Japan Geoscience Union Meeting 2025

Presentation information

[E] Oral

A (Atmospheric and Hydrospheric Sciences ) » A-CG Complex & General

[A-CG44] Terrestrial monitoring using geostationary satellites

Wed. May 28, 2025 9:00 AM - 10:30 AM Exhibition Hall Special Setting (5) (Exhibition Hall 7&8, Makuhari Messe)

convener:Yuhei Yamamoto(Center for Environmental Remote Sensing, Chiba University), Tomoaki Miura(Univ Hawaii), Kazuhito Ichii(Chiba University), Chairperson:Tomoaki Miura(Univ Hawaii)

10:00 AM - 10:15 AM

[ACG44-04] Geostationary-Satellite-Based Study of Diurnal Variation in Aerosol-Cloud Interactions

*Hengqi Wang1, Johannes Quaas2, Husi Letu*1, Yiran Peng3 (1.Aerospace Information Research Institute, Chinese Academy of Sciences, 2.Leipzig Institute of Meteorology, Leipzig University, 3.Department of Earth System Science, Tsinghua University)

Keywords:Himawari-8/9, Aerosol-Cloud Interactions, Twomey Effect, Diurnal Variation

The latest climate assessment report identifies aerosol-cloud interactions (ACI) as one of the largest sources of uncertainty in current climate evaluations, a situation largely attributable to the inaccuracies in observational estimates of ACI. Presently, ACI estimates primarily rely on polar-orbiting satellites (e.g., MODIS), whose observational characteristics inherently limit the data to represent the cloud and aerosol conditions at specific times within the observed region (e.g., at 10:30 and 13:30 local time (LT)). However, the impact of diurnal variations in aerosols and clouds on ACI estimates, the underlying physical mechanisms, and the potential for using these variations to refine existing quantitative estimates have yet to be systematically investigated. In this context, this study utilizes the geostationary Himawari-8/9 satellite (2016–2023, 10-minute temporal resolution, 5 km spatial resolution) to examine the impact of diurnal variations in clouds and aerosols on ACI estimates. A critical variable in estimating ACI is the sensitivity of cloud droplet number concentration (Nd) to variations in the aerosol index (AI), named SNd-AI, which serves as a key parameter linking anthropogenic aerosol changes to cloud radiative properties. Therefore, this study primarily investigates the influence of diurnal variations on SNd-AI.
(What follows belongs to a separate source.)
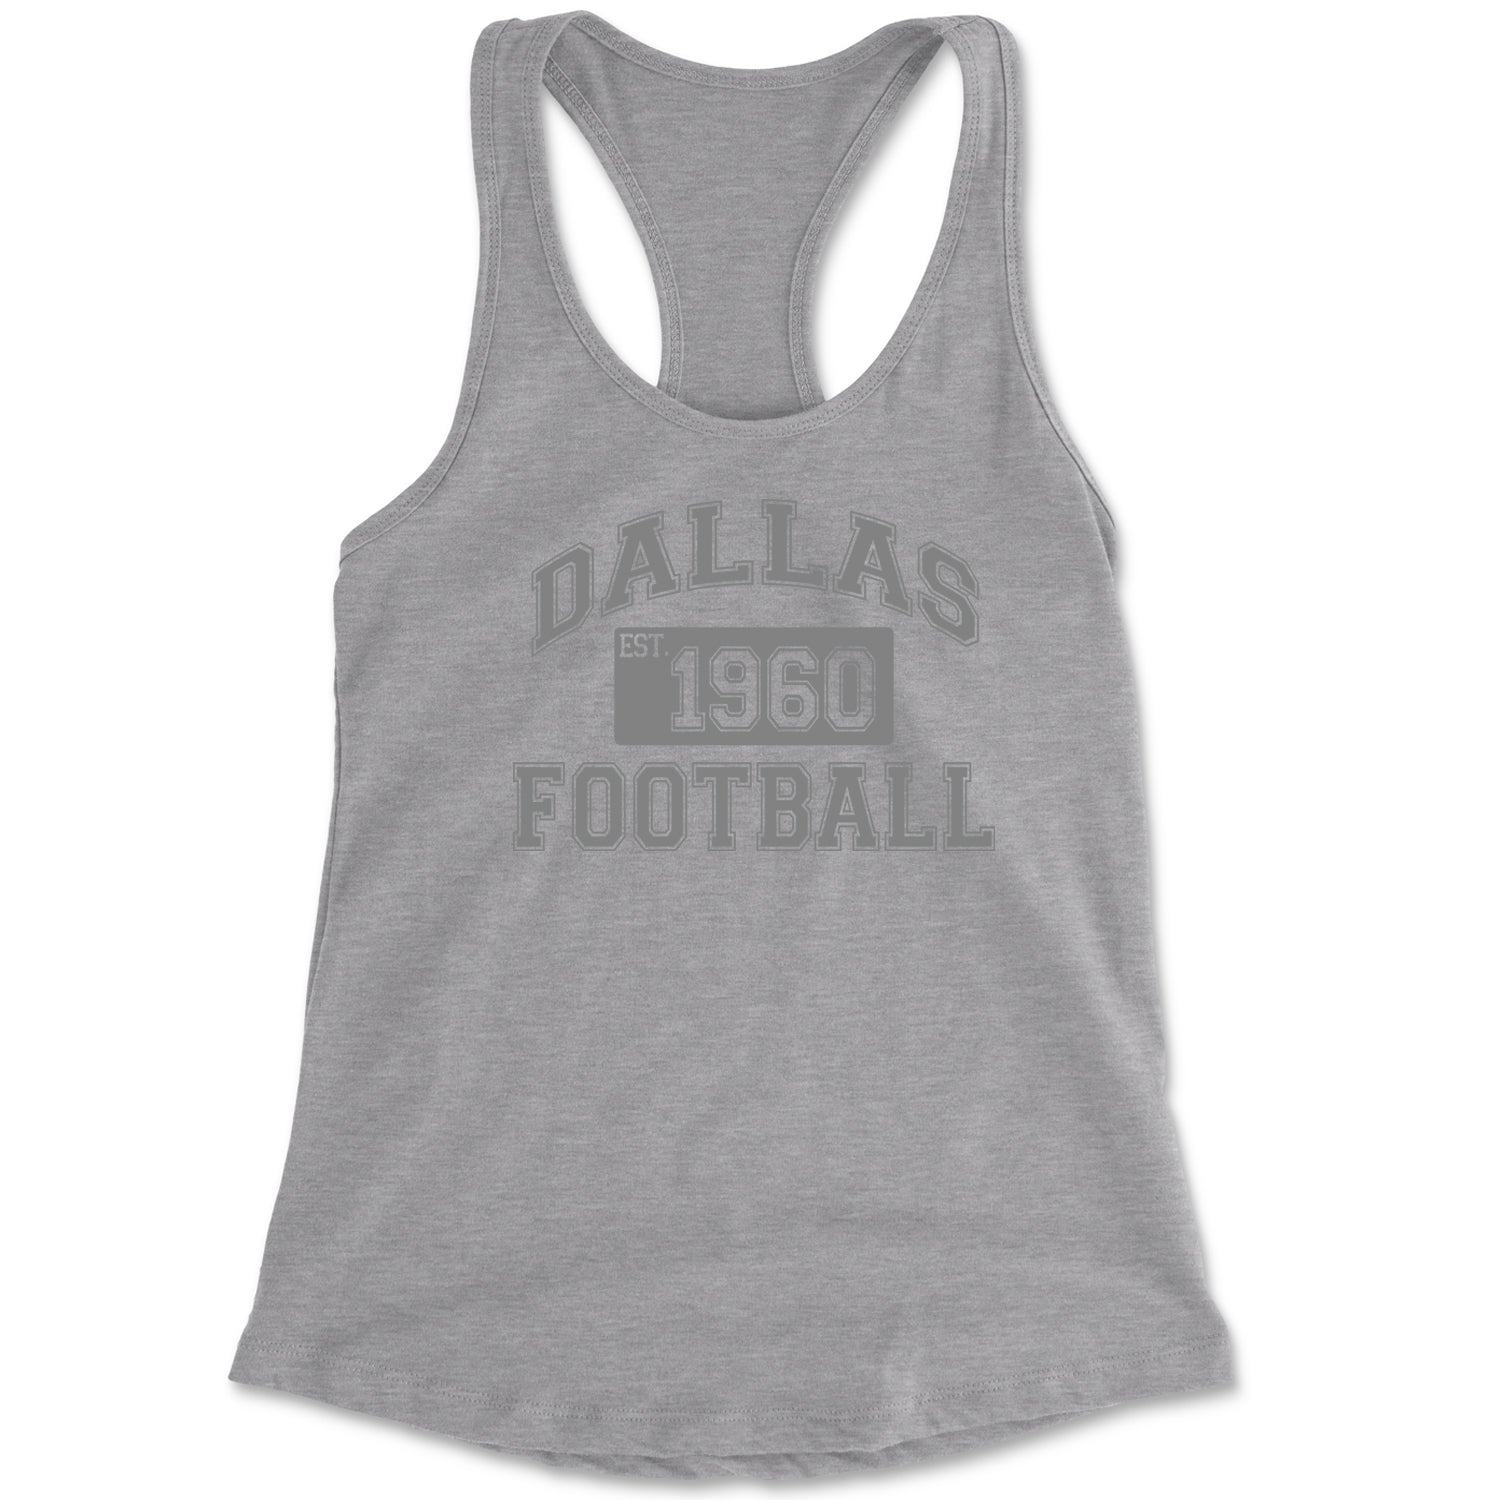 Dallas Football Established 1960 Racerback Tank Top for Women boys, dem by Expression Tees

Given that Himawari-8 observations are based on visible light, data from 08:00 LT to 18:00 LT within the 30°S–30°N and 90°E–150°E region are utilized. The findings reveal that SNd-AI exhibits significant diurnal variation (-0.002 to 0.152), with land regions showing a notably stronger variation (-0.068 to 0.065) compared to oceanic regions (0.146 to 0.203). When comparing SNd-AI values derived from the daytime with those corresponding to MODIS overpass times (10:30 LT and 13:30 LT), which are 0.109, 0.128, and 0.135, respectively, it is evident that relying solely on a single time point for calculating SNd-AI introduces a positive bias of 17%–24% in ACI estimates, thereby overestimating the cooling effect of ACI on global warming. Mechanistically, the study shows that both Nd and AI exhibit pronounced diurnal variability, and the changes are non-coherent, jointly contributing to the observed variation in SNd-AI. Leveraging ERA5 reanalysis data, the study further investigates the relationship between environmental variable changes and SNd-AI with preliminary results suggesting that variations in SNd-AI are influenced by entrainment mixing, land-ocean transport, and convective transport. To incorporate these findings into ACI estimates, two approaches are proposed: one involves applying a correction factor (e.g., 117% or 124%) to the existing ACI estimates, thus extending the results from specific times to the entire daytime. The other approach directly calculates SNd-AI by considering full-day global data, utilizing the newly compiled global geostationary satellite dataset by our research group. Relevant results will be presented at an upcoming conference.

In conclusion, this study quantitatively evaluates the impact of diurnal variations in cloud/aerosol properties on ACI estimates using the Himawari-8/9 observations, explores the underlying causes of this impact, and proposes methods to incorporate diurnal effects into global ACI assessments, a step that is critical for reducing uncertainty in climate evaluations.